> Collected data
_ _ _

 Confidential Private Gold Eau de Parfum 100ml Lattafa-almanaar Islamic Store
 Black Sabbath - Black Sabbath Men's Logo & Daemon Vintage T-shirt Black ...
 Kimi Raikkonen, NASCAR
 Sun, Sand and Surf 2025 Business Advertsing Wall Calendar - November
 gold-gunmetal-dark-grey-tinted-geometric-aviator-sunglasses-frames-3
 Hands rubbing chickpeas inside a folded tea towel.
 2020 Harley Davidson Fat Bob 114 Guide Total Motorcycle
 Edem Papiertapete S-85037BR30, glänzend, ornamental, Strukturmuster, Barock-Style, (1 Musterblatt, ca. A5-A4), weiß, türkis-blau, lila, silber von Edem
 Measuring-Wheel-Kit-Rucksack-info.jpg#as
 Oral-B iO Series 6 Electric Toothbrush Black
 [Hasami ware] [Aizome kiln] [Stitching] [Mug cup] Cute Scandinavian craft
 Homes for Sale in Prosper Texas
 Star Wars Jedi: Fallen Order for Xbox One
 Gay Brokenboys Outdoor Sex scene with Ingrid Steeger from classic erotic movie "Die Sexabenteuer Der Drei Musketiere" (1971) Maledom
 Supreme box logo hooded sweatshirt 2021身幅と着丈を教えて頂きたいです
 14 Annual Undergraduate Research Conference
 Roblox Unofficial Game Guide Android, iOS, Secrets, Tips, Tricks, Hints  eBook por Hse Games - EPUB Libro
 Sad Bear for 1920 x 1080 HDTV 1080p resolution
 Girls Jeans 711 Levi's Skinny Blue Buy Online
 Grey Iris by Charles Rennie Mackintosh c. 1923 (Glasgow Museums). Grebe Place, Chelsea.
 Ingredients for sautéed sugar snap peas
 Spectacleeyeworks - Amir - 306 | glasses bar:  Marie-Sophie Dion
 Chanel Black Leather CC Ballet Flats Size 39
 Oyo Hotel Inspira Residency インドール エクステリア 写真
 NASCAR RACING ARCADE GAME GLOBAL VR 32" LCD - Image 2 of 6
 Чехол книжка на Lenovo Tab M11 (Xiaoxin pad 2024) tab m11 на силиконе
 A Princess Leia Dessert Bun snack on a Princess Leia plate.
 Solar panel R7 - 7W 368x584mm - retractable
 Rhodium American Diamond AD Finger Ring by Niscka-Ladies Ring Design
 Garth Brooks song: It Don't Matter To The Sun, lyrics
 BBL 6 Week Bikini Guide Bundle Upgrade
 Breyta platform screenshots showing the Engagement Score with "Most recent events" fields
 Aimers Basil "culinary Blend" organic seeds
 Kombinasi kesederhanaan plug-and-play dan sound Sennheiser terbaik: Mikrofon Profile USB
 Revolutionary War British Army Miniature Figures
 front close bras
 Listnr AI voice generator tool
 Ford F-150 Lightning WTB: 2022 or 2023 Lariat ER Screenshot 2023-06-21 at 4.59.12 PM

_ _ _

> What you have to do
Only the lines from the one that contains "front close bras" to the end of the entries above should be given again, exactly and in full.

> Exercise solution
 front close bras
 Listnr AI voice generator tool
 Ford F-150 Lightning WTB: 2022 or 2023 Lariat ER Screenshot 2023-06-21 at 4.59.12 PM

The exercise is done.